The displayed image attributes are:

  • ID—Automatically generated UUID of the image
  • Name—Free form, human-readable name for image
  • Active—are available for use.
  • Server—For images that are created as snapshots of running instances, this is the UUID of the instance the snapshot derives from. For uploaded images, this field is blank.

Virtual hardware templates are called flavors. The default installation provides five flavors that are configurable by administrators.
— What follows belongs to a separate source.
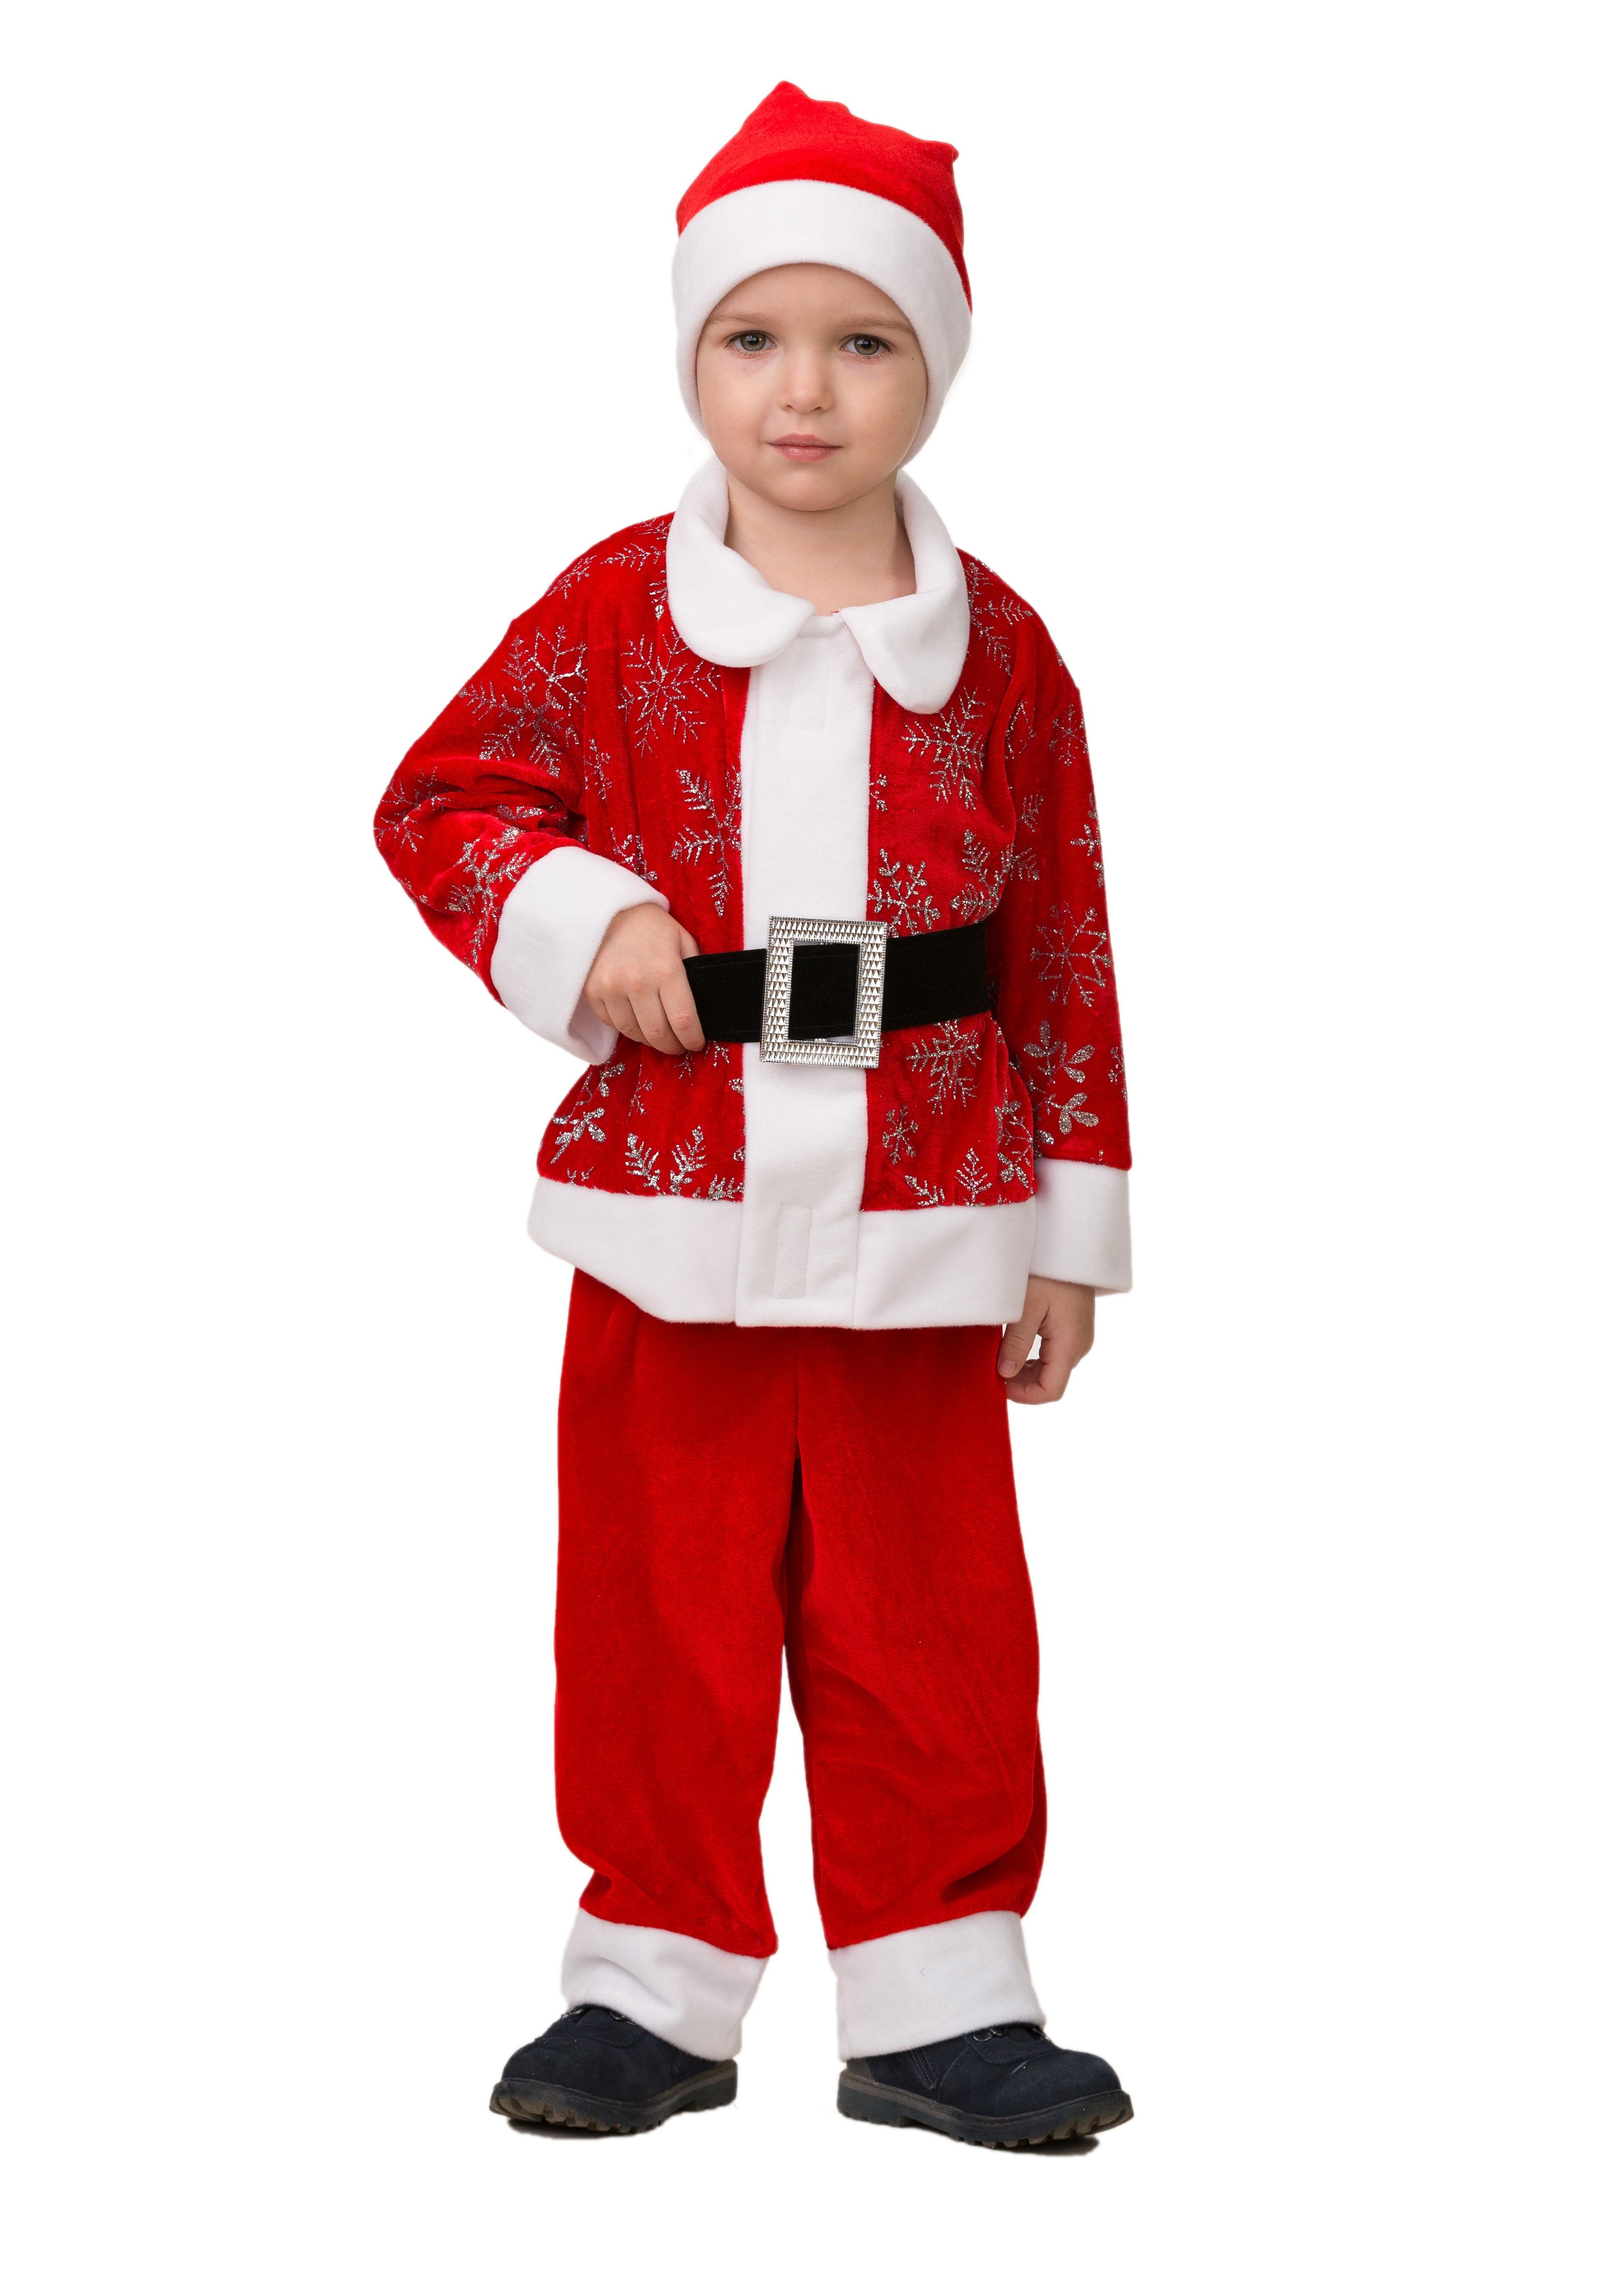 Детский костюм Красного Дедушки Мороза (24) детский костюм деда мороза голубой 38

For a list of flavors that are available on your system:

$ openstack flavor list
+-------------+-------------------+-------+------+-----------+-------+-----------+
| ID          | Name              |   RAM | Disk | Ephemeral | VCPUs | Is Public |
+-------------+-------------------+-------+------+-----------+-------+-----------+
| <flavor_id> | m1.medium         |  4096 |   40 |         0 |     2 | True      |
| <flavor_id> | m1.xlarge-20      |  8000 |    0 |        30 |     2 | True      |
| <flavor_id> | m1.xlarge         | 16384 |  160 |         0 |     8 | True      |
| <flavor_id> | m1.large          |  8192 |   80 |         0 |     4 | True      |
| <flavor_id> | m1.small          |  2048 |   20 |         0 |     1 | True      |
+-------------+-------------------+-------+------+-----------+-------+-----------+

Compute Service Architecture

These basic categories describe the service architecture and information about the cloud controller.

API Server

At the heart of the cloud framework is an API server, which makes command and control of the hypervisor, storage, and networking programmatically available to users.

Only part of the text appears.